The educational version, EduBOSS, is customised for Indian schools. There are many games available with EduBOSS. These games can be further modified to help children learn Sanskrit. For example, the game called Gbrainy offers a variety of mathematical problems. This game can be modified to include Vedic mathematical problems. Similarly, the KDE based game Kanagram, which offers puzzles based on English anagrams, can be modified to include Sanskrit anagrams. I hope somebody will take up this challenge and modify these games, so that a lot of children can have the best of both worlds – that of Sanskrit and open source software.

Indian Heritage Group of C-DAC
While searching for the details of BOSS, I came across the Indian Heritage Group (IHG) of C-DAC, whose group coordinator is Dr P. Ramanujan. IHG is responsible for Sanskrit and Vedic processing using computers. I don’t remember the book in which I read that Srinivasa Ramanujan had single-handedly derived every mathematical equation ever conceived by the western intellects collectively. When I came across the works of Dr P. Ramanujan, I had the same feeling.

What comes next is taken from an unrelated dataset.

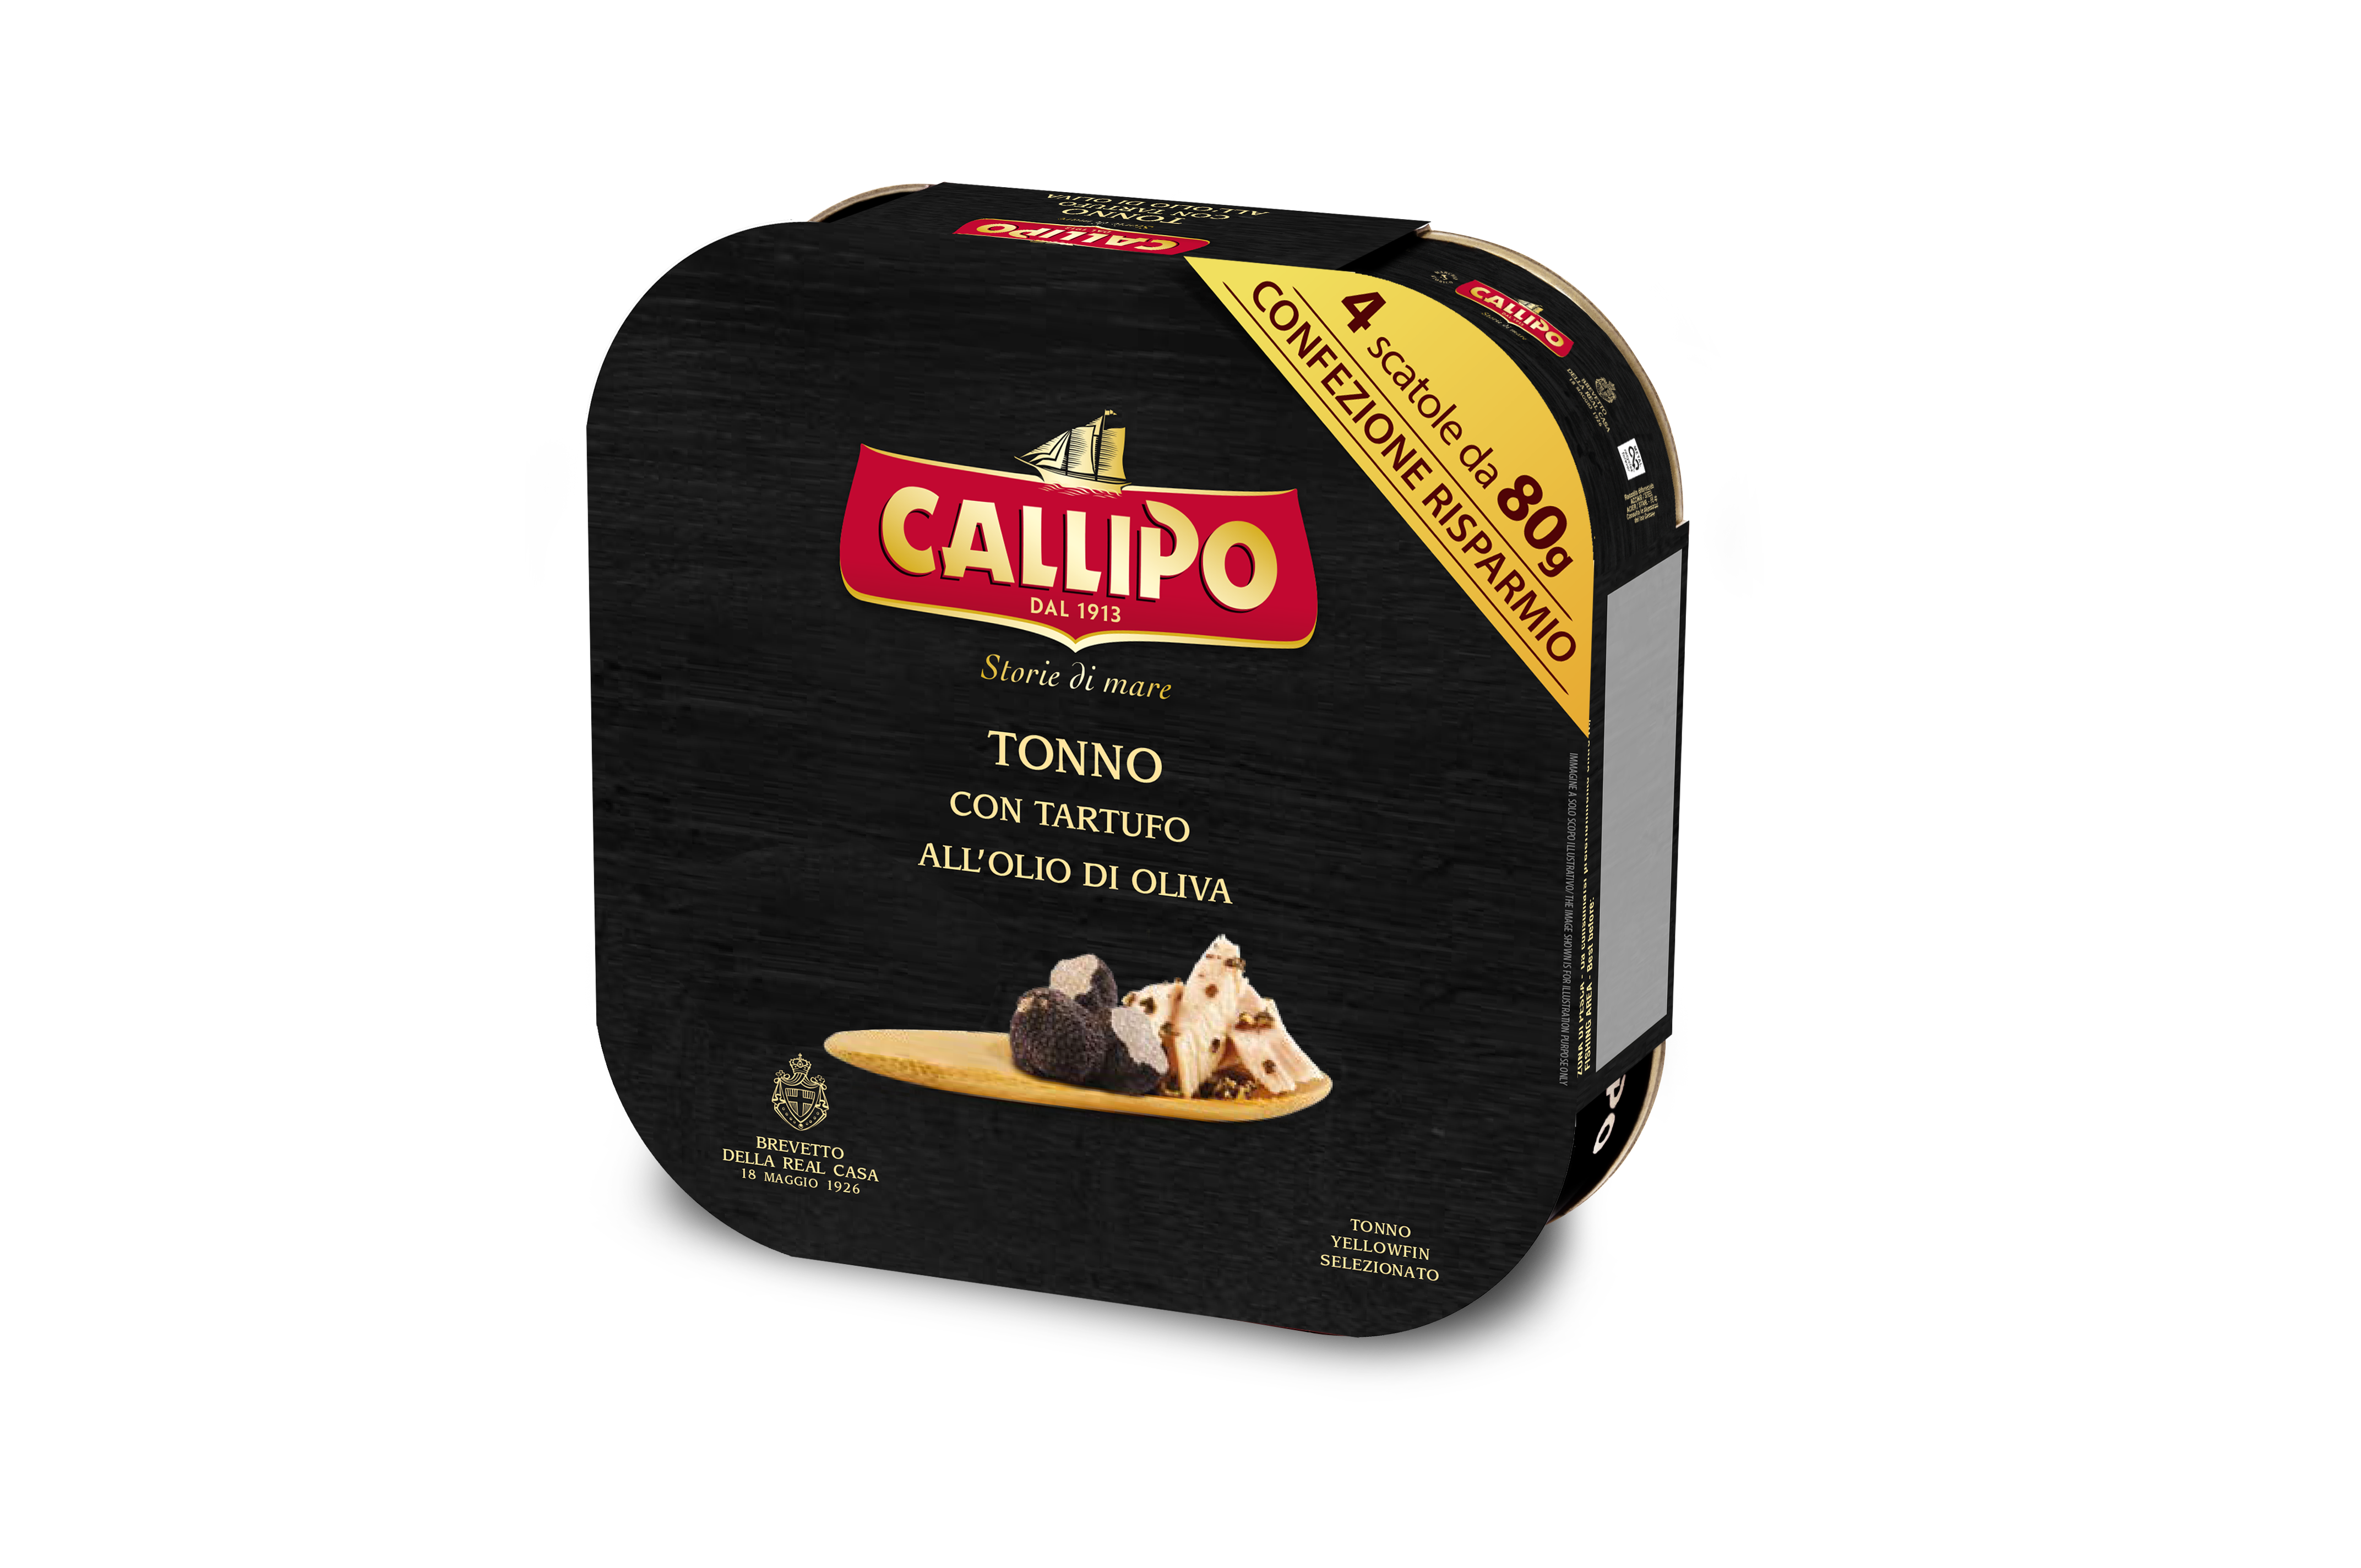 Callipo solid tuna cans in olive oil with Truffle gr. 80x4

Whatever the entire western community has done to preserve and propagate Sanskrit has been done single-handedly by Dr P. Ramanujan.

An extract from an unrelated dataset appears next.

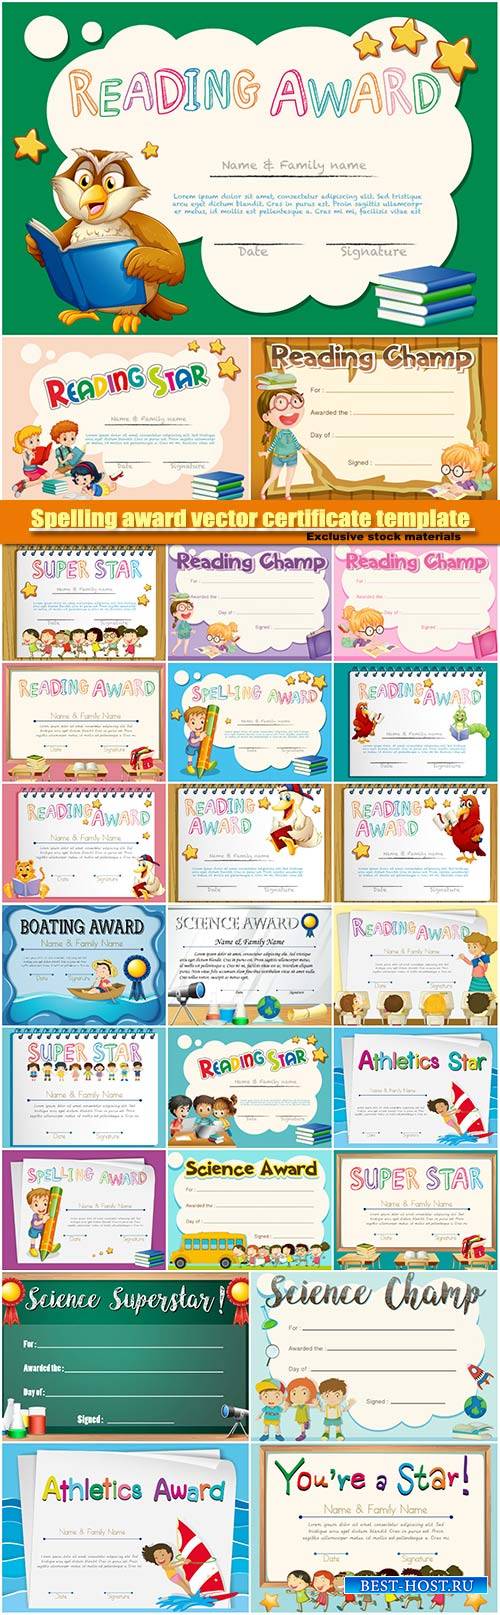 Spelling award vector certificate template with kids

I am not qualified enough to comment on his works. My knowledge of Sanskrit is not adequate to assess his brilliant work. But I feel I am privileged to discuss the work of Dr Ramanujan in the field of Sanskrit related software. He has created a database of over 30,000 sutras from the sastras all by himself, named Sakala Sastra Sutra Kosa. He was also instrumental in the development of ISCII (Indian Script Code for Information Interchange), for which he developed the Vedic part. He developed a software called DESIKA to generate and analyse Sanskrit words. DESIKA software can be used for noun generation, verb generation for all tenses, grammatical analysis of words in a sentence, etc. He was also responsible for digitising a lot of old Sanskrit manuscripts. IHG has also developed other software like C-VYASA, which can be used as a Vedic editor and Sanskrit authoring system. The group has developed a searchable knowledge base of Vedas. Currently, IHG is developing software called Swadhyaya, which is a self-teaching system for Sanskrit.

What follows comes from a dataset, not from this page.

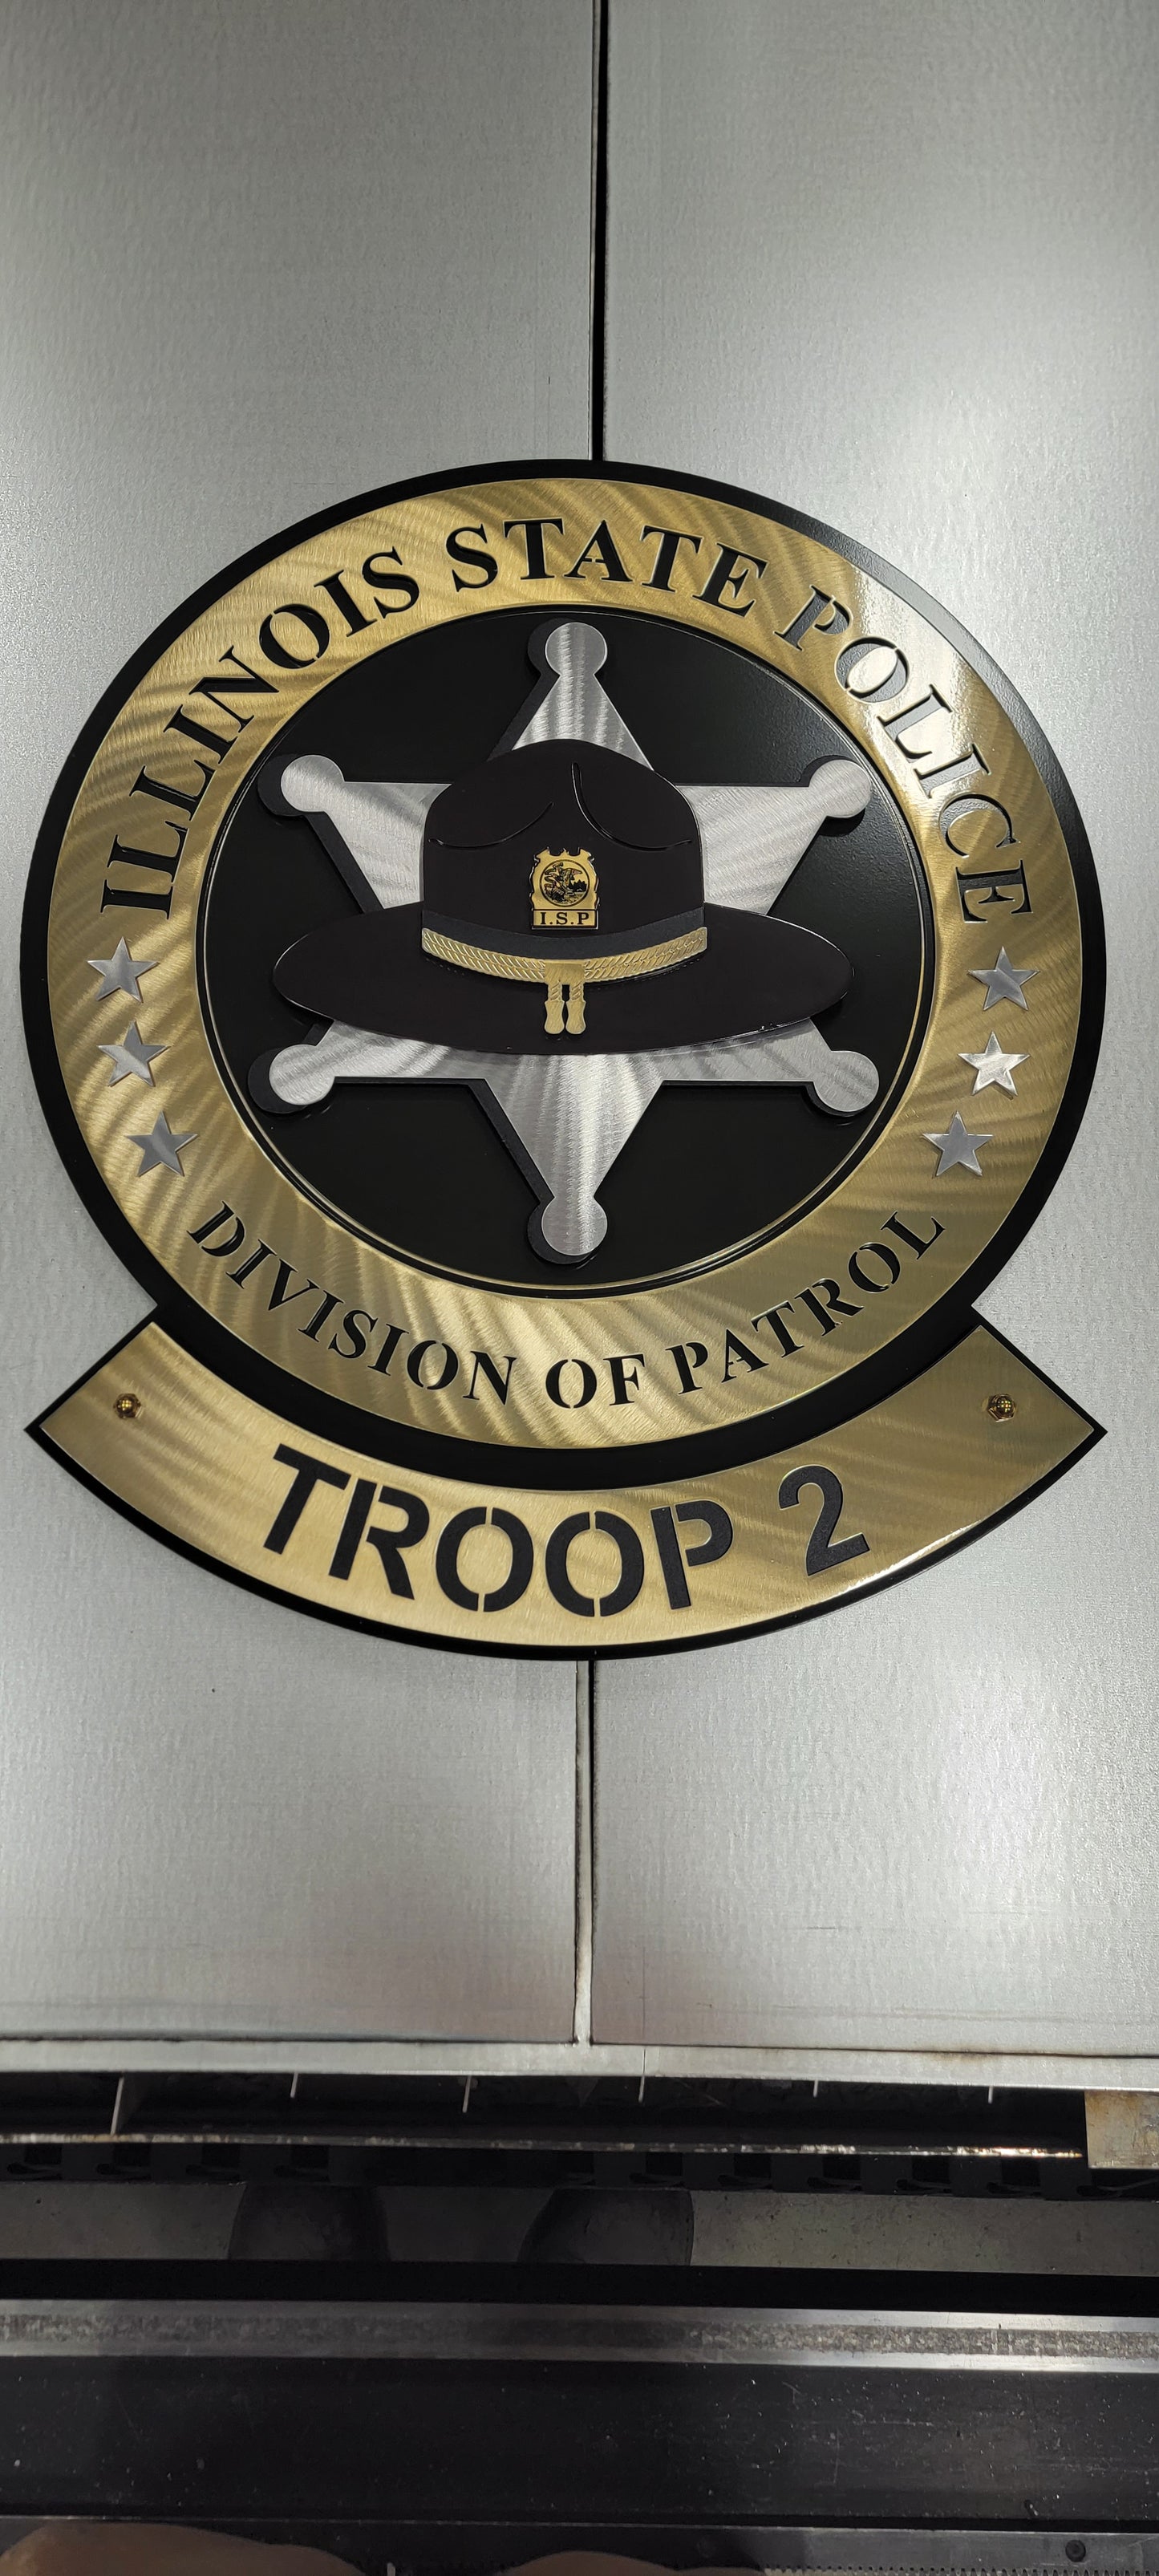 Illinois State Police Division Of Patrol Troop 2

Both western as well as Indian computer scientists have contributed to the development of computing for Sanskrit. Providing more and more computing tools for Sanskrit processing will definitely attract a large number of young people to Sanskrit. But it is not just the case of Sanskrit benefiting from computer science alone; it could be the other way round also. Paninian grammar of Sanskrit is considered as unambiguous grammar by many linguists and grammarians. In the field of Natural Language Processing (NLP), it is absolutely essential to have unambiguous grammar. Paninian grammar might give a better insight to solving this long standing problem. Similarly, the hidden treasures of Vedic mathematics could also help computer science advance further. So let us hope this mutually beneficial interaction between computer science and Sanskrit will continue and prosper in the future also.